There were 30 cyclists who had completed all twelve stages. For these cyclists, the times they had needed in each stage was added up for the general classification. The cyclist with the least accumulated time was the winner. Angiolo Gabrielli won the prize for best ranked independent rider in the general classification.

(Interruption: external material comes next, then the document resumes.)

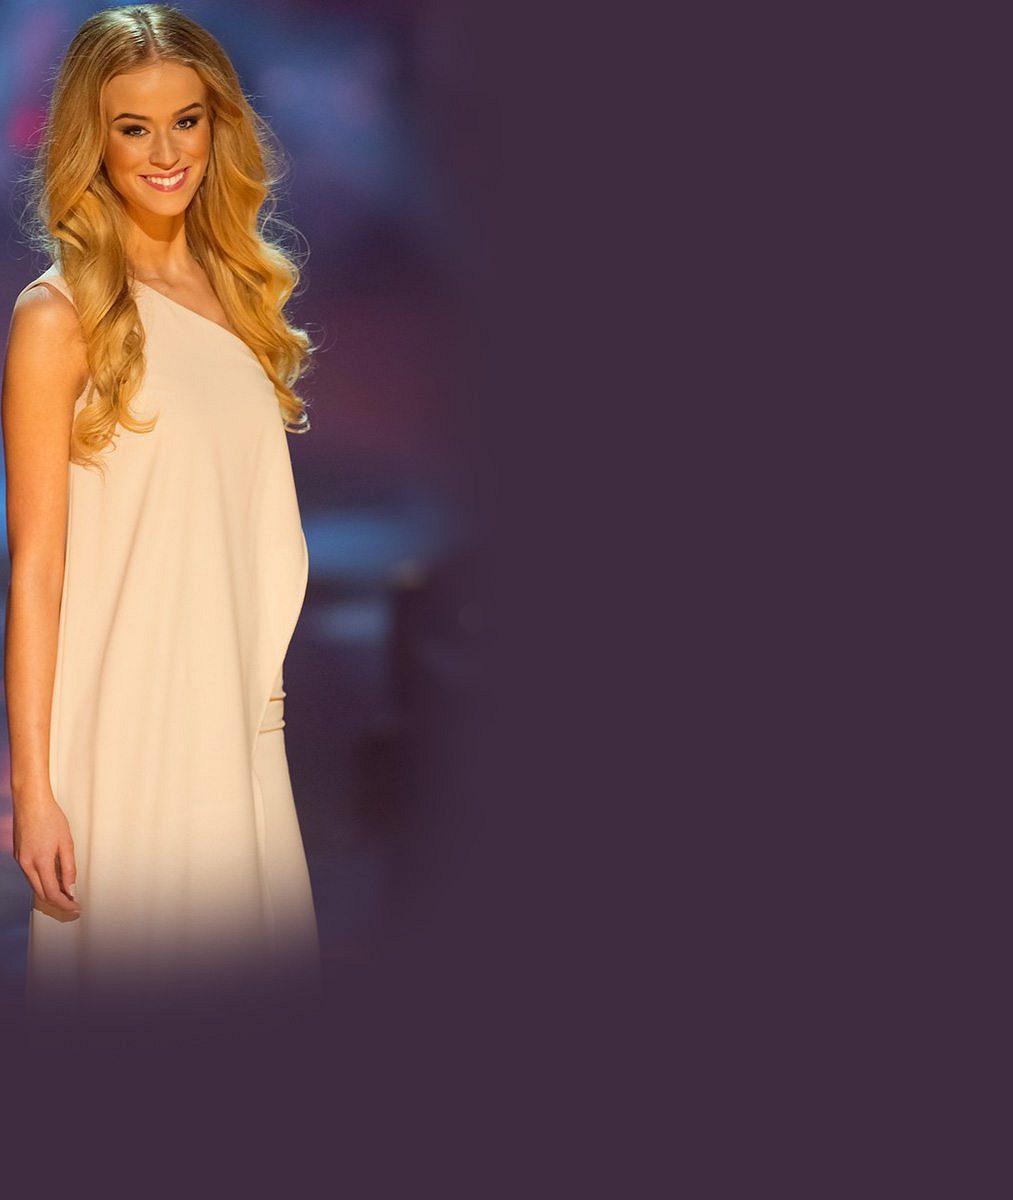 Korunku pro nejkrásnější Slovenku si odnesla blondýnka Lujza. Co na ni říkáte?

Final general classification (1–10)
| Rank | Name | Team | Time |
|---|---|---|---|
| 1 | Giuseppe Enrici (ITA) | — | 143h 43' 37" |
| 2 | Federico Gay (ITA) | — | + 58' 21" |
| 3 | Angiolo Gabrielli (ITA) | — | + 1h 56' 53" |
| 4 | Secondo Martinetto (ITA) | — | + 2h 13' 51" |
| 5 | Enea Dal Fiume (ITA) | — | + 2h 19' 00" |
| 6 | Gianbattista Gilli (ITA) | — | + 2h 59' 00" |
| 7 | Vitaliano Lugli (ITA) | — | + 3h 28' 32" |
| 8 | Giovanni Rossignoli (ITA) | — | + 3h 29' 08" |
| 9 | Ottavio Pratesi (ITA) | — | + 4h 03' 00" |
| 10 | Alfredo Sivocci (ITA) | — | + 4h 03' 36" |

Final general classification (11–30)
| Rank | Name | Team | Time |
| 11 | Giovanni Tragella (ITA) | — | + 4h 21' 26" |
| 12 | Luigi Ugaglia (ITA) | — | + 5h 21' 38" |
| 13 | Domenico Sangiorgi (ITA) | — | + 6h 56' 41" |
| 14 | Alfredo Comminetti (ITA) | — | + 7h 13' 52" |
| 15 | Guido Messeri (ITA) | — | + 7h 32' 41" |
| 16 | Arturo Ferrario (ITA) | — | + 7h 45' 35" |
| 17 | Giovanni Bassi (ITA) | — | + 8h 10' 22" |
| 18 | Romolo Lazzaretti (ITA) | — | + 8h 55' 32" |
| 19 | Michele Robotti (ITA) | — | + 10h 07' 39" |
| 20 | Livio Cattel (ITA) | — | + 10h 50' 32" |
| 21 | Domenico Tutolo (ITA) | — | + 11h 09' 49" |
| 22 | Fortunato Manicardi (ITA) | — | + 12h 45' 51" |
| 23 | Giuseppe Rizzo (ITA) | — | + 15h 29' 27" |
| 24 | Enrico Sala (ITA) | — | + 17h 12' 42" |
| 25 | Antonio Buelli (ITA) | — | + 17h 17' 30" |
| 26 | Silvio Scrivanti (ITA) | — | + 17h 19' 27" |
| 27 | Luigi Gilardi (ITA) | — | + 18h 18' 39" |
| 28 | Montanari (Arturo or Giuseppe) (ITA) | — | + 18h 30' 44" |
| 29 | Maurizio Garino (ITA) | — | + 20h 51' 22" |
| 30 | Telesforo Benaglia (ITA) | — | + 20h 58' 37" |

==Aftermath==

Enrici became the first foreign born winner of the Giro d'Italia. Although he maintained Italian citizenship, Enrici was born in Pittsburgh, Pennsylvania in the United States.